Stored data:
*** Begin section ***

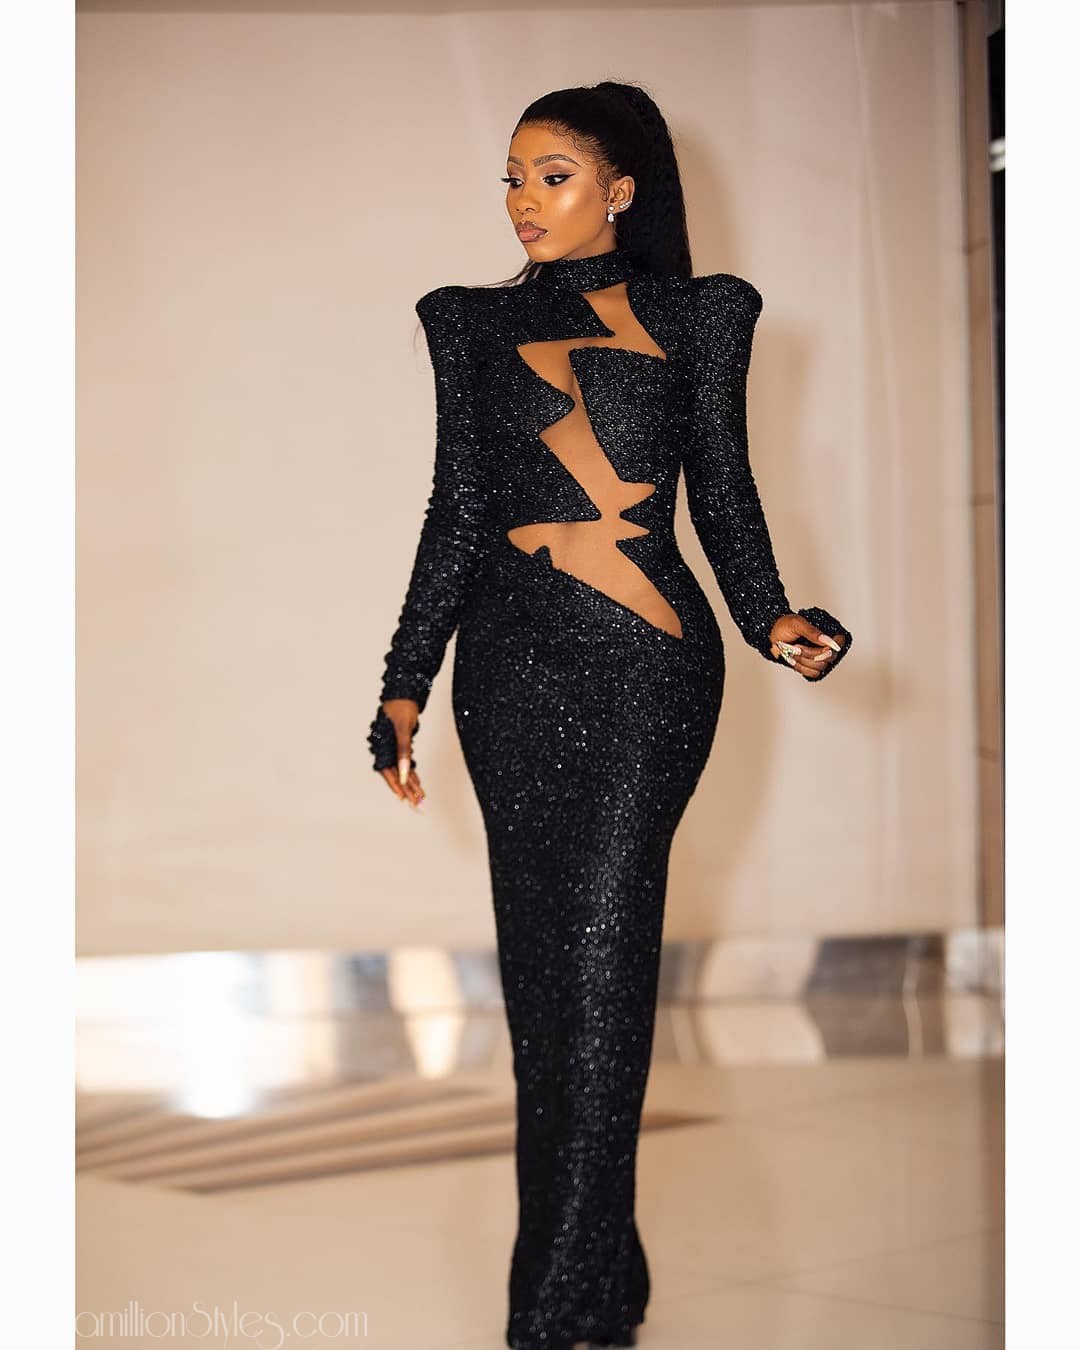 Styles From the 2019 Headies Awards
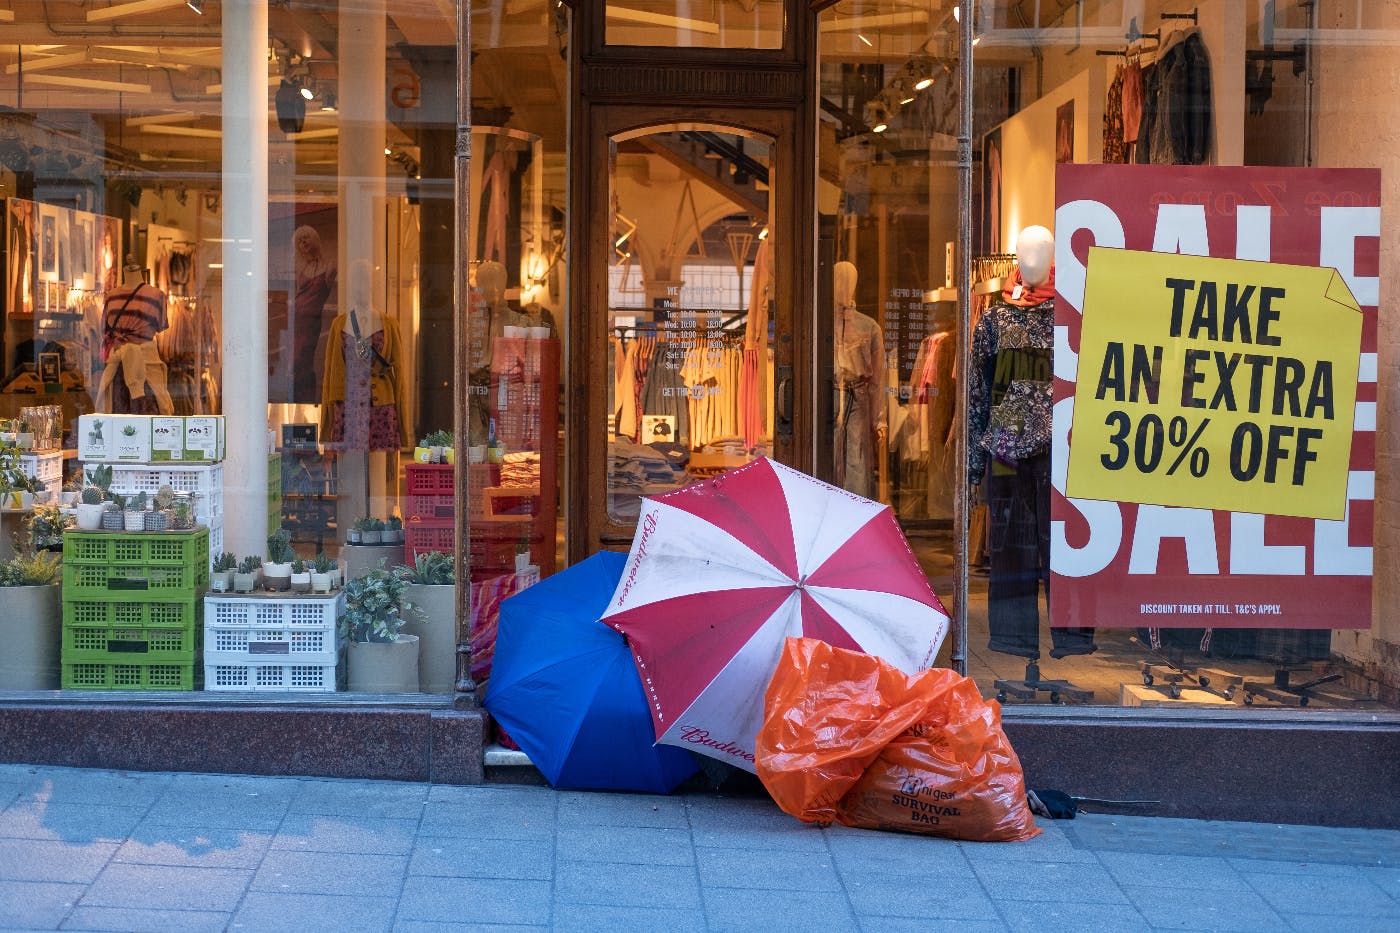 People camped out in front of a store advertising an extra 30% off
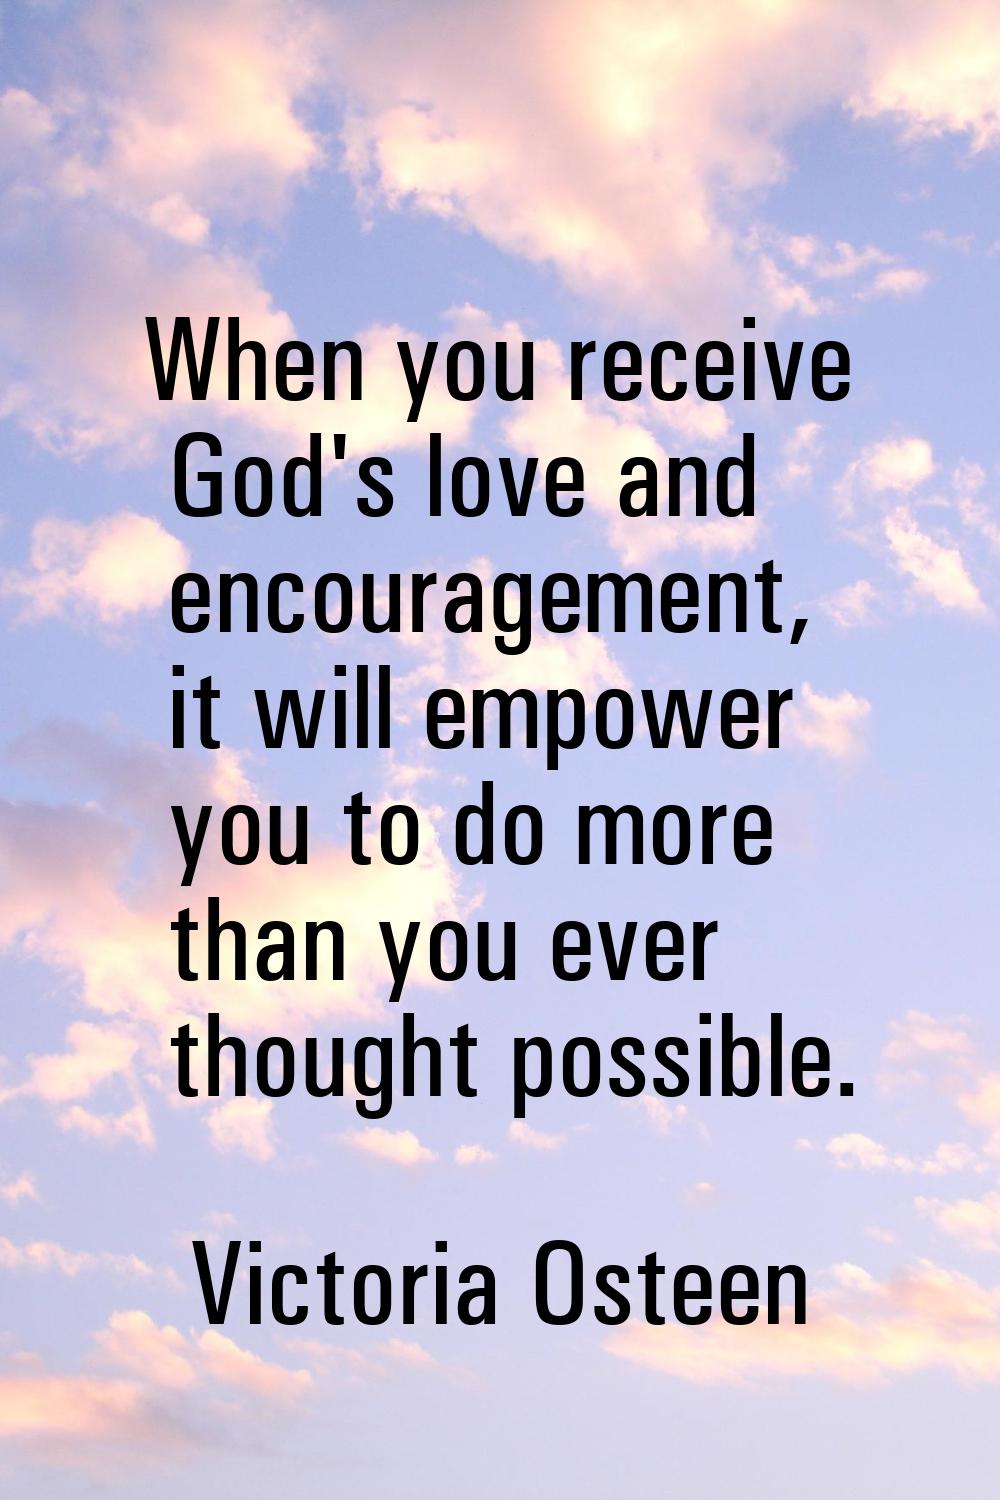 When you receive God's love and encouragement, it will empower you to do more than you ever thought
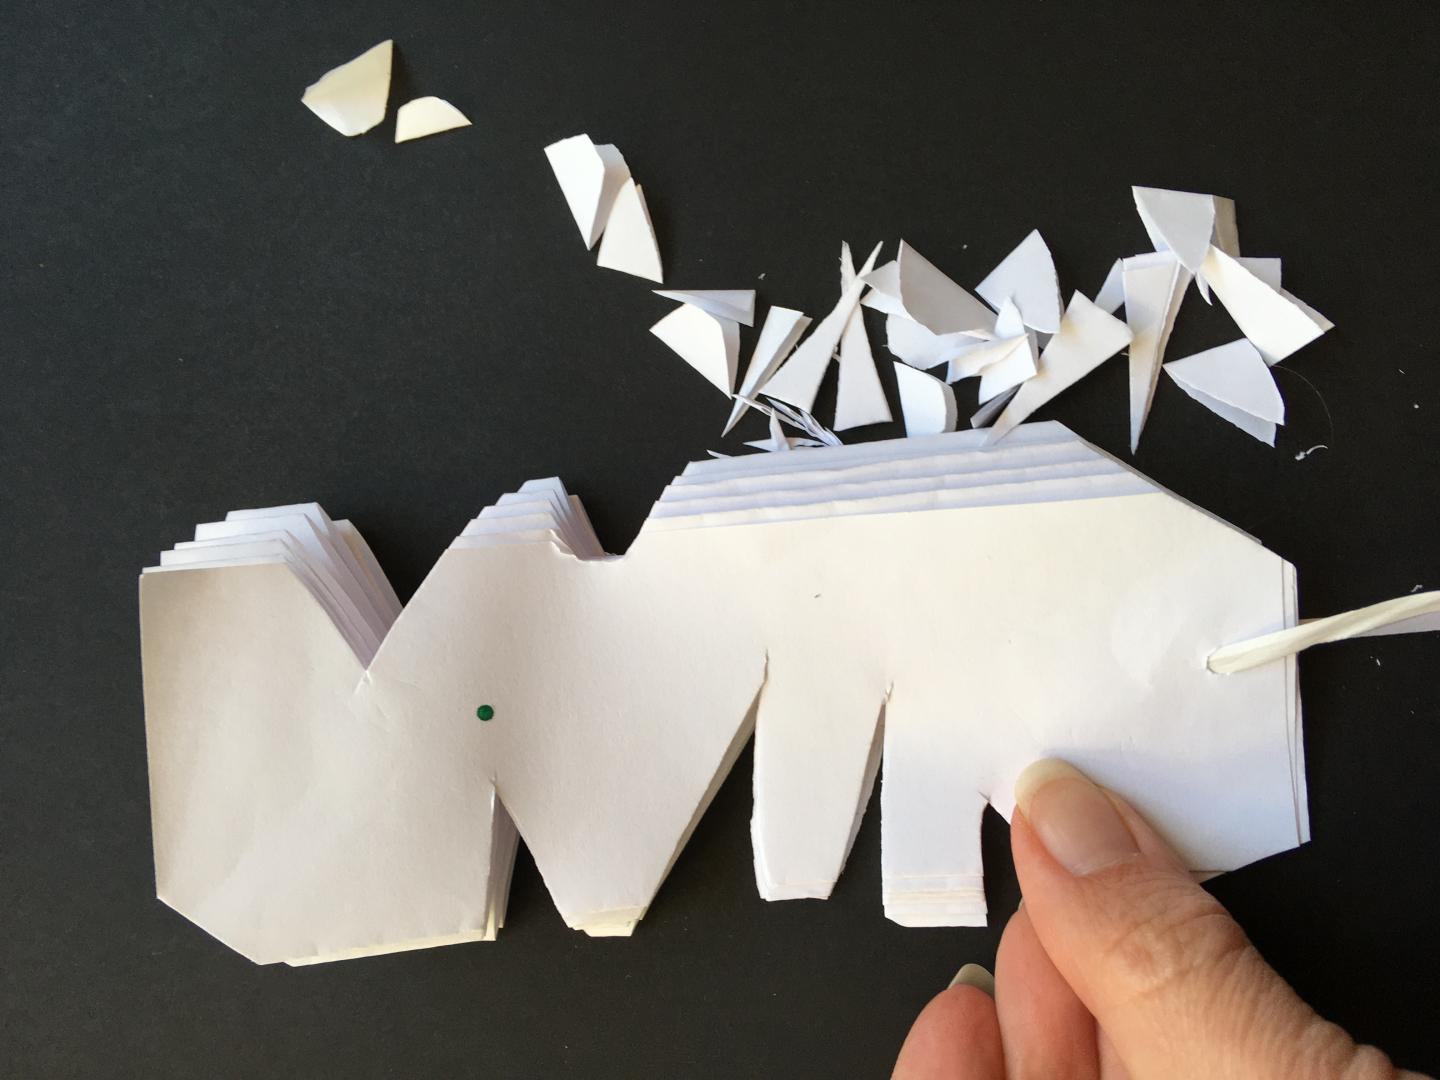 Cut shapes into pleated paper.

*** End section ***

Problem description: What is needed is the listing above, repeated verbatim, without its images.

Result:
 Styles From the 2019 Headies Awards
 People camped out in front of a store advertising an extra 30% off
 When you receive God's love and encouragement, it will empower you to do more than you ever thought
 Cut shapes into pleated paper.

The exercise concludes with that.